Section 11.086(a) of the Texas Water Code prohibits a person from diverting or impounding the natural flow of “surface water” in a manner that damages the property of another by the overflow of the water diverted or impounded. Tex. WateR Code Ann. § 11.086(a) (Vernon 2000). Damages are allowed under the statute when “(1) a diversion or impoundment of surface water (2) causes (3) damage to the property of the plaintiff landowner.” See Bily v. Omni Equities, Inc., 731 S.W.2d 606, 611 (Tex.App.-Houston [14th Dist.] 1987, writ refd n.r.e.) (emphasis added); see also Kraft v. Langford, 565 S.W.2d 223, 229 (Tex.1978) (addressing an earlier version of the statute).

Although Kevin Dietrich testified he had no reason to believe the Goodmans knew of the drain on their property until after the flood, the Dietrichs nevertheless contend they were damaged by the Good-mans’ actions in landscaping around and over the storm sewer. Specifically, the Dietrichs contend they were flooded when the Goodmans diverted “surface water” onto their property in violation of the Water Code. Thus, the Dietrichs allege the trial court erred in granting the Good-mans’ motion for a directed verdict on the issue of statutory liability under Texas Water Code § 11.086(a). The Goodmans, however, argue that the Dietrichs’ Water Code claim fails, as a matter of law, because the water that flooded the Dietrichs’ home was not “surface water.”

“Surface water” is not defined by the Water Code. Compounding this legislative oversight is the fact that the term has been used in different contexts. In common usage, the term simply means “natural water that has not penetrated much below the surface of the ground.” Webster’s ThiRD New InteRnational DictioNARY 2300 (1993).

However, when used in connection with riparian rights, “surface water” is a term of art. Under common law, diffused surface water, as well as percolating ground water, belongs to the land owner. See Dyegard Land Partnership v. Hoover, 39 S.W.3d 300, 311 (Tex.App.-Fort Worth 2001, no pet.) (holding owner of land is absolute owner of percolating water because it is part of the soil); Domel v. City of Georgetown, 6 S.W.3d 349, 353 (Tex.App.-Austin 1999, pet. denied) (holding diffused surface water belongs to the owner of the land on which it gathers, so long as it remains on that land and prior to its passage into a natural watercourse). However, water in a watercourse, such as a stream or river, is the property of the state, held in trust for the public. Tex. Water Code Ann. § 11.021 (Vernon 2000); South Tex. Water Co. v. Bieri, 247 S.W.2d 268, 272 (Tex.Civ.App.-Galveston 1952, writ ref'd n.r.e.) (holding it is a well-established rule in Texas that waters of public streams belong to the sovereign and are held by the sovereign in trust for the public).
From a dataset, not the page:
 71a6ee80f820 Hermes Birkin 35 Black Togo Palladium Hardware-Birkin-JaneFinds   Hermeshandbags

Used in this context, “surface water” is simply a shortened form of the phrase “diffused surface water.” Black’s Law DictionaRY 1585 (7th ed.1999). Thus, “surface water” is simply water or natural precipitation diffused over the surface of the ground until it either evaporates, is absorbed by the land, or reaches a bed or channel in which it is accustomed to flow. Raburn v. KJI Bluechip Investments, 50 S.W.3d 699, 704 (Tex.App.-Fort Worth 2001, no pet.). Consequently, a distinguishing feature of “surface water” is that it is never found in a natural watercourse. A “watercourse” has been judicially defined as having (1) a bank and bed, (2) a current of water, and (3) a permanent source of supply. Hoefs v. Short, 114 Tex. 501, 273 S.W. 785, 787 (1925). Although the source must be permanent, such as a watershed, it need not be continuous, and a watercourse may be dry for long periods of time. Id.
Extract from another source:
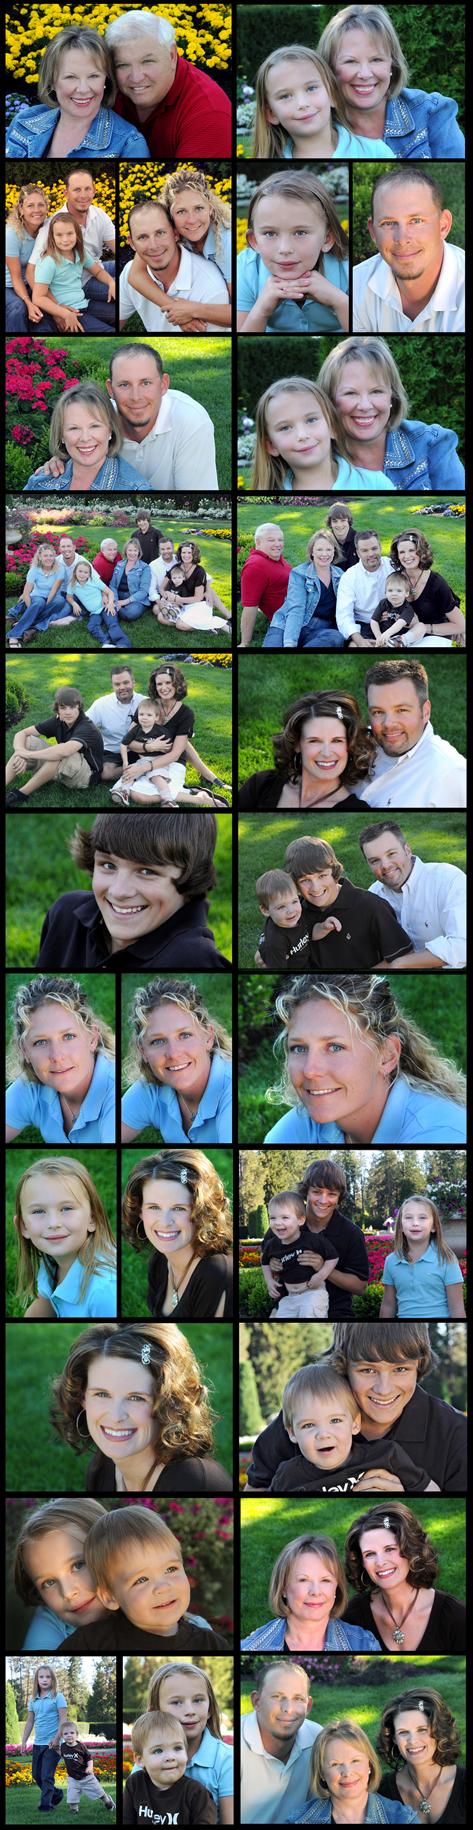 barbcrandellfamily

Interpreting former enactments of the present statute, the courts of this state, early on, were not particularly concerned with the character of the water being diverted. In other words, it did not seem to matter much whether the water at issue was diffused surface water, impounded water, or water in a watercourse (whether natural or man-made); if water was unreasonably concentrated or diverted onto the plaintiffs land in manner causing him injury, the defendant was hable for the damage. See Miller v. Letzerich, 292 S.W. 560 (Tex.Civ.App.-Austin 1927), aff'd, 121 Tex. 248, 49 S.W.2d 404 (1932) (holding defendant unlawfully diverted overflow of surface water from lake onto the plaintiffs property); St. Louis R.W. Ry. Co. of Tex. v. Wilson, 273 S.W. 622, 623 (Tex.Civ.App.-Beaumont 1925, no writ) (holding railway was liable when its embankment had the effect of concentrating diffused surface water onto plaintiffs property); Higgins v. Spear, 283 S.W. 584, 587-88 (Tex.Civ.App.-E1 Paso 1926), aff'd, 118 Tex. 310, 15 S.W.2d 1010 (1929) (holding defendant was liable for damages when he obstructed a dry river bed that had the effect of diverting water upon his neighbor’s land when it rained); Rattan v. Woods, 267 S.W. 312 (Tex.Civ.App.-Texarkana 1924, no writ) (holding defendant was liable for damages stemming from the damming of a ditch); Hammond v. Knight, 262 S.W. 183, 183-84 (Tex.Civ.App.-Texarkana 1924, no writ) (holding defendant could not lawfully divert water flowing in a natural ravine).

Beginning approximately seventy years ago, however, the courts of this state started inserting the riparian (as opposed to the common) definition of surface water into their construction of the statute. Thus, today the term “surface water,” as used in Section 11.086 of the Water Code, means only “diffused surface water.” Accordingly, the statute has been effectively neutered by many years of judicial construction. Consider, for example, that where water is concentrated by man-made canals to the detriment of the plaintiff, it has been held that no cause of action lies under the statute. Likewise, where the defendant emptied numerous storm sewers into a creek, allegedly causing it to swell and erode the plaintiffs property, the plaintiff could not prevail under the statute. Similarly, where the defendant altered the flow of water by widening, deepening, and straightening a natural creek, the plaintiff could not complain of the diversion of water upon his land because such water was not “surface water.”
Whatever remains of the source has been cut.